Woo also doesn't know how to get errno values on LispWorks. This results in random failures trying to compare numeric constants with nil in event loop callbacks. The fix is to add a call to lw:errno-value to the definition in syscall/main.lisp.

With these two fixes Woo loads and runs on LispWorks 8.01 (Intel macOS 13.6.1) and has no problems with a benchmark using wrk or a browser. I have a commit julian-baldwin/woo@81e6ae2 that fixes both of these and permits the server to run, which I am happy to submit as a PR. There is also another (more serious) issue where Woo interferes with LispWorks' signal handling I'll report separately, but this is the bare minimum required to get it to serve requests.

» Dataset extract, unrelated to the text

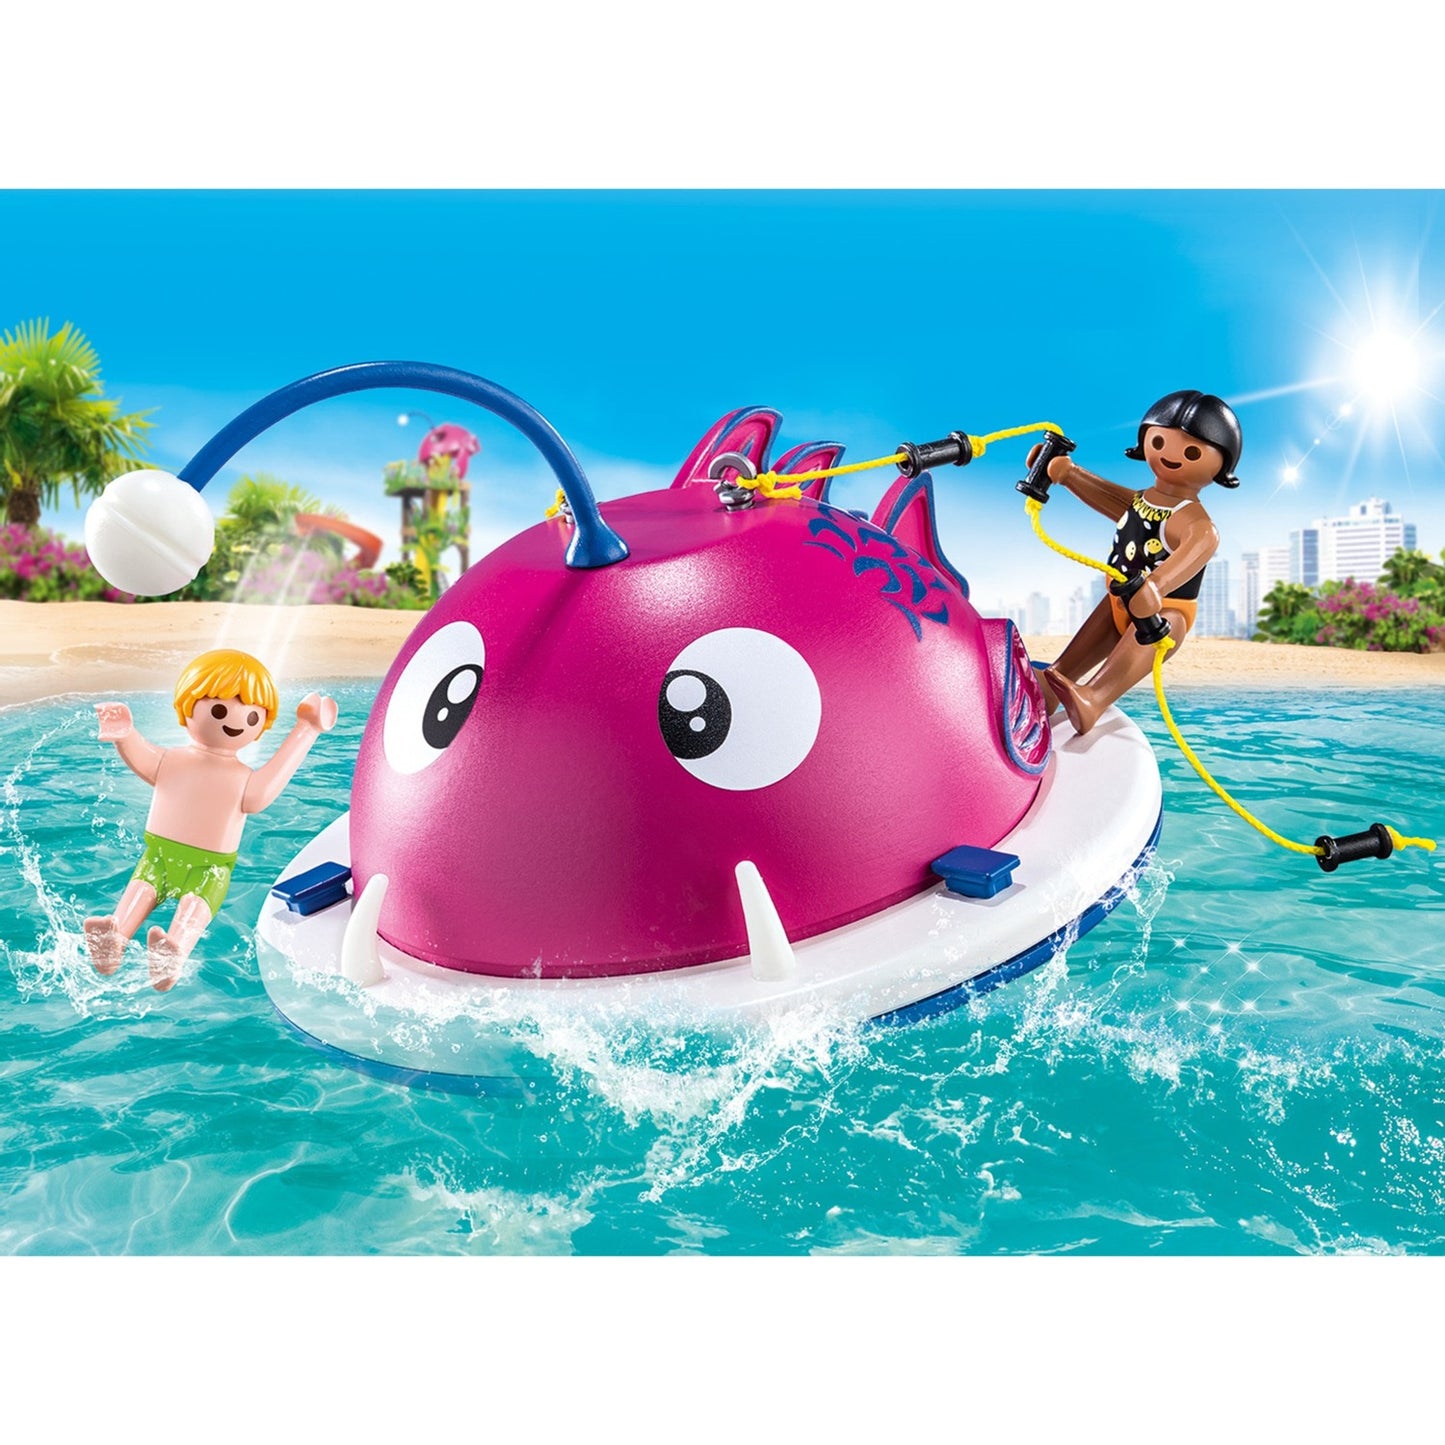 Playmobil Famy Fun Clubing Swimming Island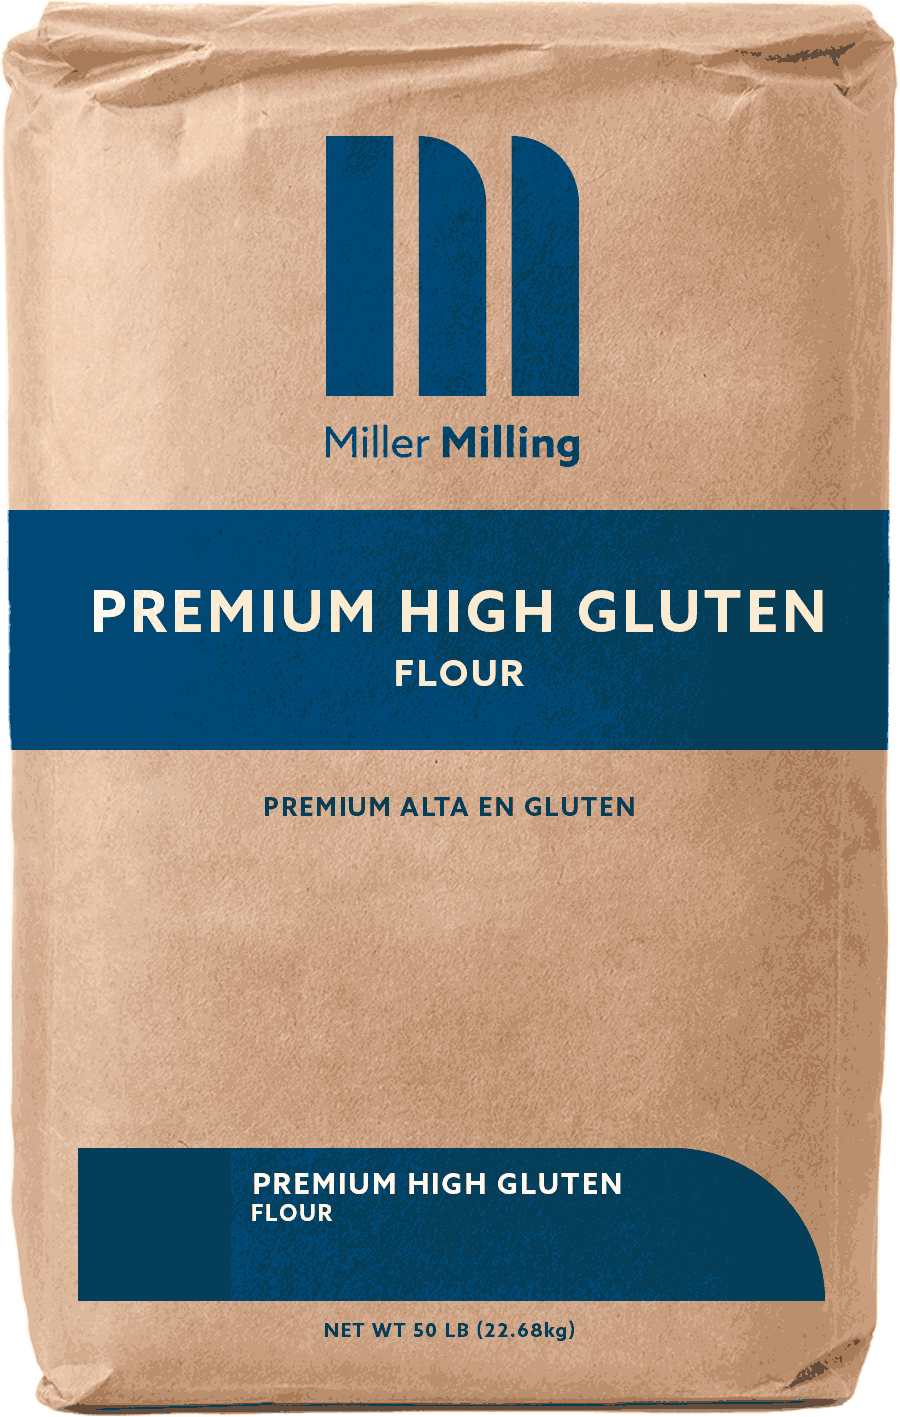 Premium High Gluten flour

fukamachi commented 7 months ago

Sounds good unless anything doesn't affect other systems. I'm waiting for your PR. It must be hard to investigate, huh? Thank you for your effort.

julian-baldwin commented 7 months ago

Done. I've also added support for LispWorks' file-size to avoid opening files to get their length as an additional obvious optimisation. I've written quite a bit of LispWorks FLI code in my main projects, so have seen this problem plenty of times before, but I spent a bit of time looking through fast-io's code to find exactly where that buffer gets allocated and how to make it static.